Below is one way apart from SizeEstimator
.I use frequently
To know from code about an RDD if it is cached, and more precisely, how many of its partitions are cached in memory and how many are cached on disk? to get the storage level, also want to know the current actual caching status.to Know memory consumption.
Spark Context has developer api method getRDDStorageInfo()

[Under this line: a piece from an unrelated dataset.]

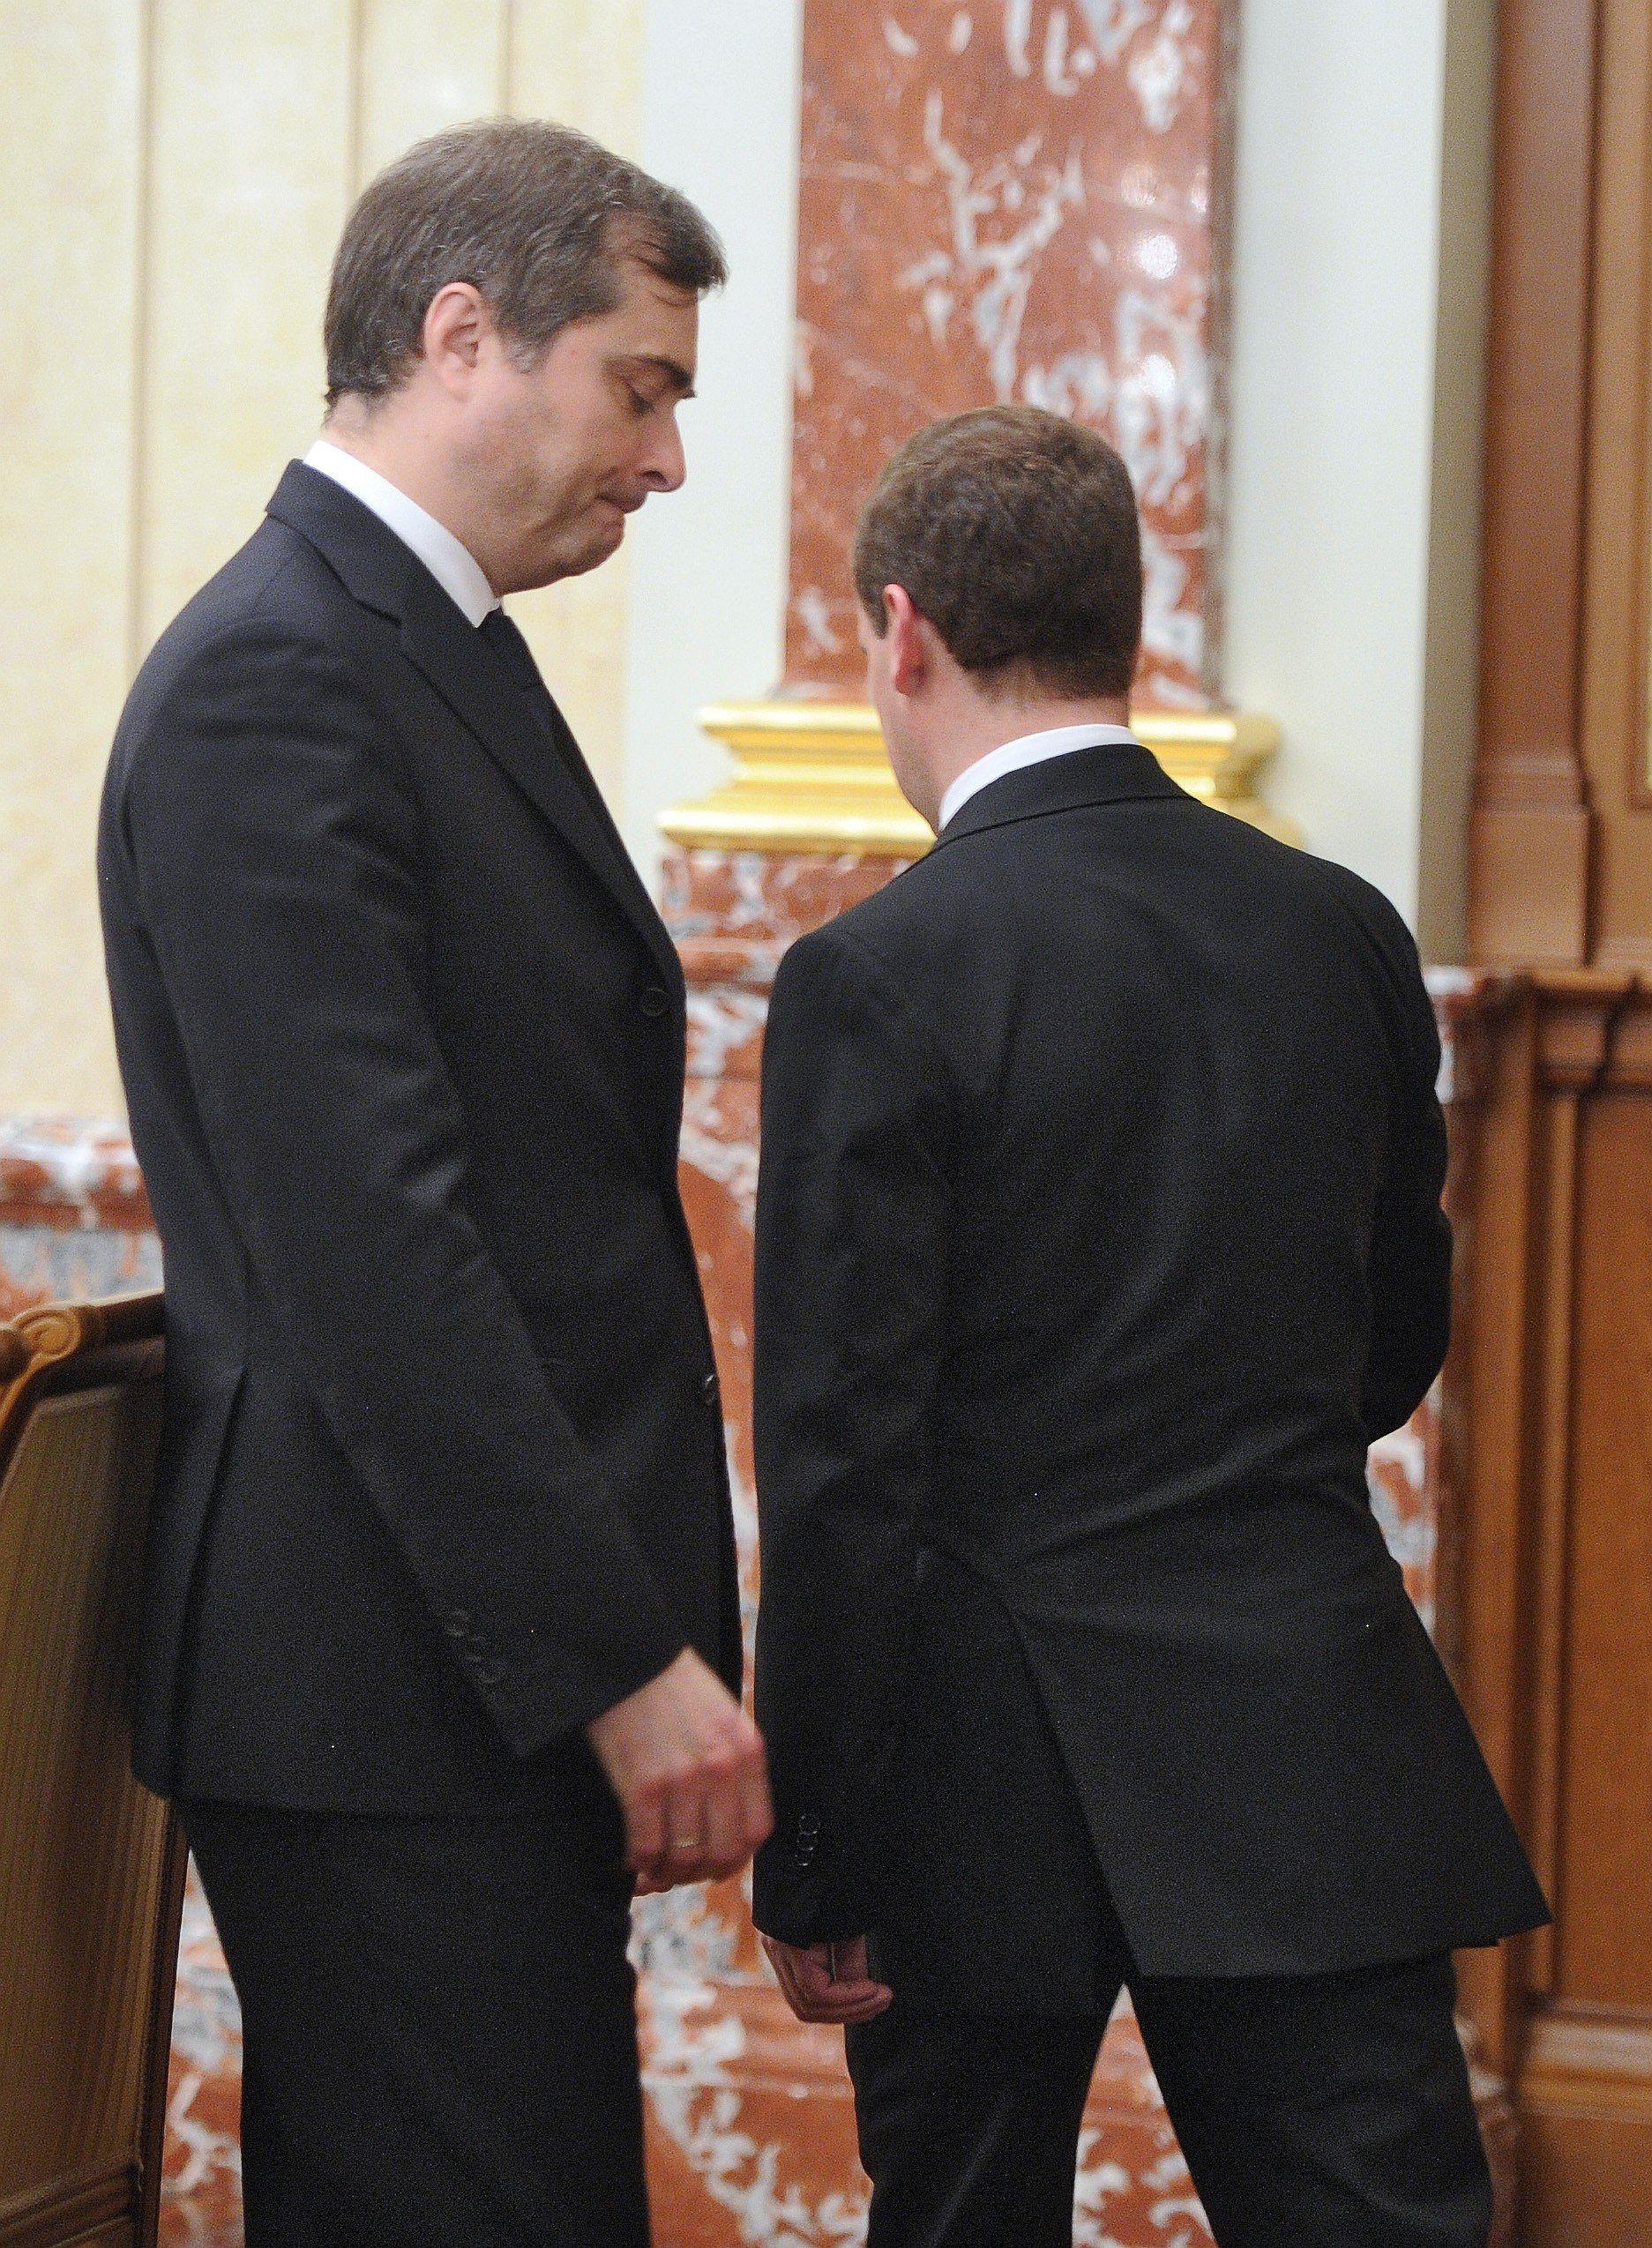 Владислав Сурков играл в правительстве  Дмитрия Медведева настолько важную роль, что вопрос об отставке им пришлось обсуждать дважды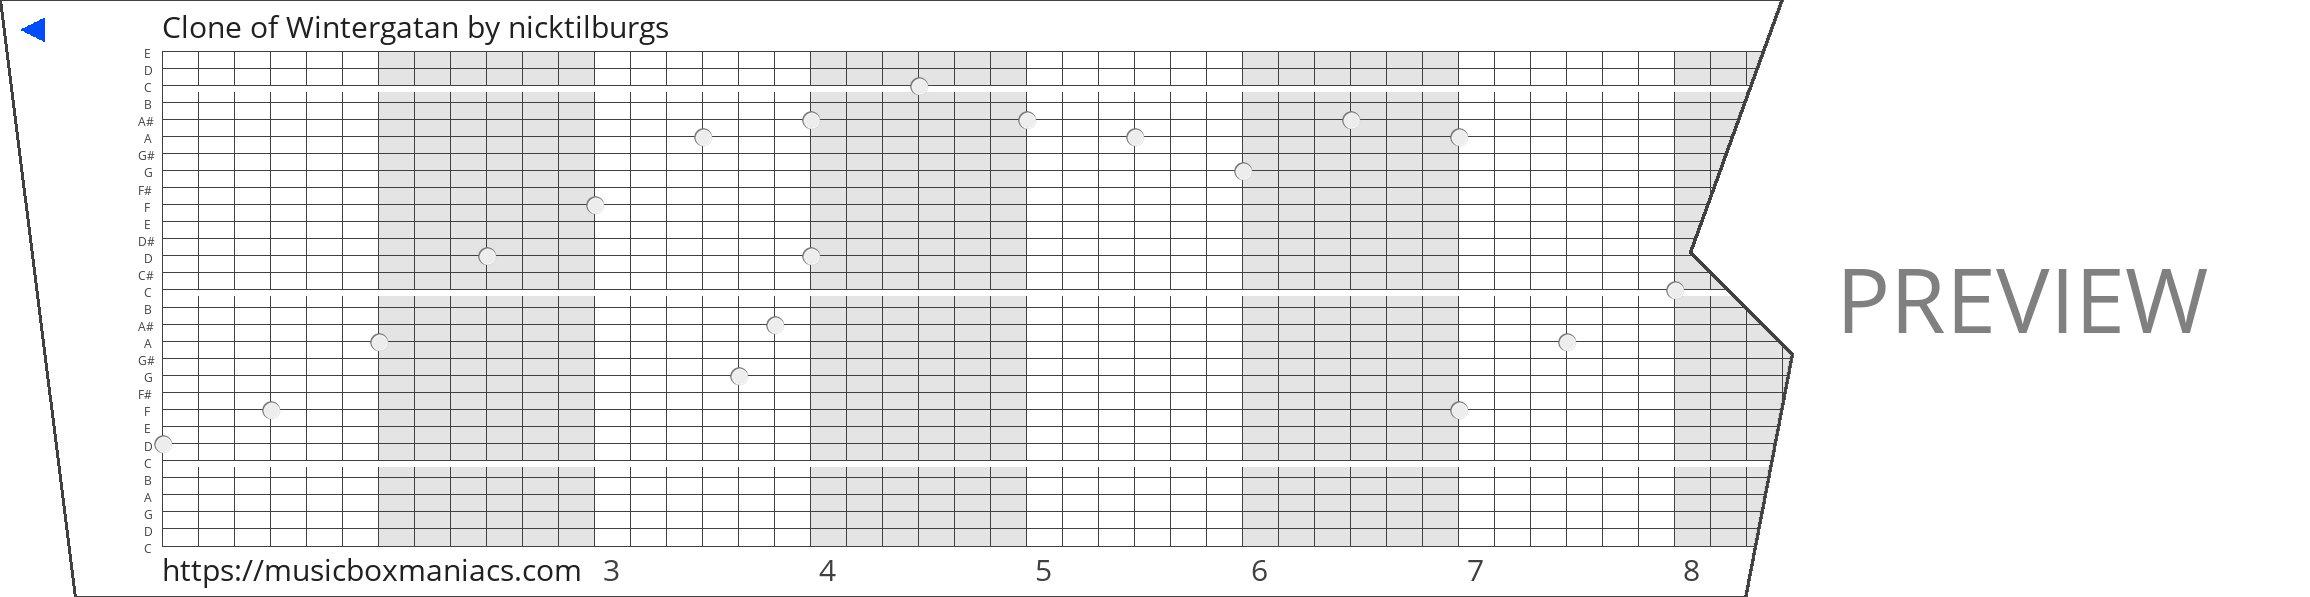 Clone of Wintergatan 30 note music box paper strip

Occasionally you can use this.
Return information about what RDDs are cached, if they are in mem or
on disk, how much space they take, etc.
For Example :
scala> sc.getRDDStorageInfo
res3: Array[org.apache.spark.storage.RDDInfo] =
Array(RDD "HiveTableScan [name#0], (MetastoreRelation sparkdb,
firsttable, None), None " (3) StorageLevel: StorageLevel(false, true, false, true, 1); CachedPartitions: 1;
TotalPartitions: 1;
MemorySize: 256.0 B; ExternalBlockStoreSize: 0.0 B; DiskSize: 0.0 B)
Seems like spark ui also used the same from this code
Description
With SPARK-13992, Spark supports persisting data into
off-heap memory, but the usage of off-heap is not exposed currently,
it is not so convenient for user to monitor and profile, so here
propose to expose off-heap memory as well as on-heap memory usage in
various places:
- Spark UI's executor page will display both on-heap and off-heap memory usage.
- REST request returns both on-heap and off-heap memory.
- Also these two memory usage can be obtained programmatically from SparkListener.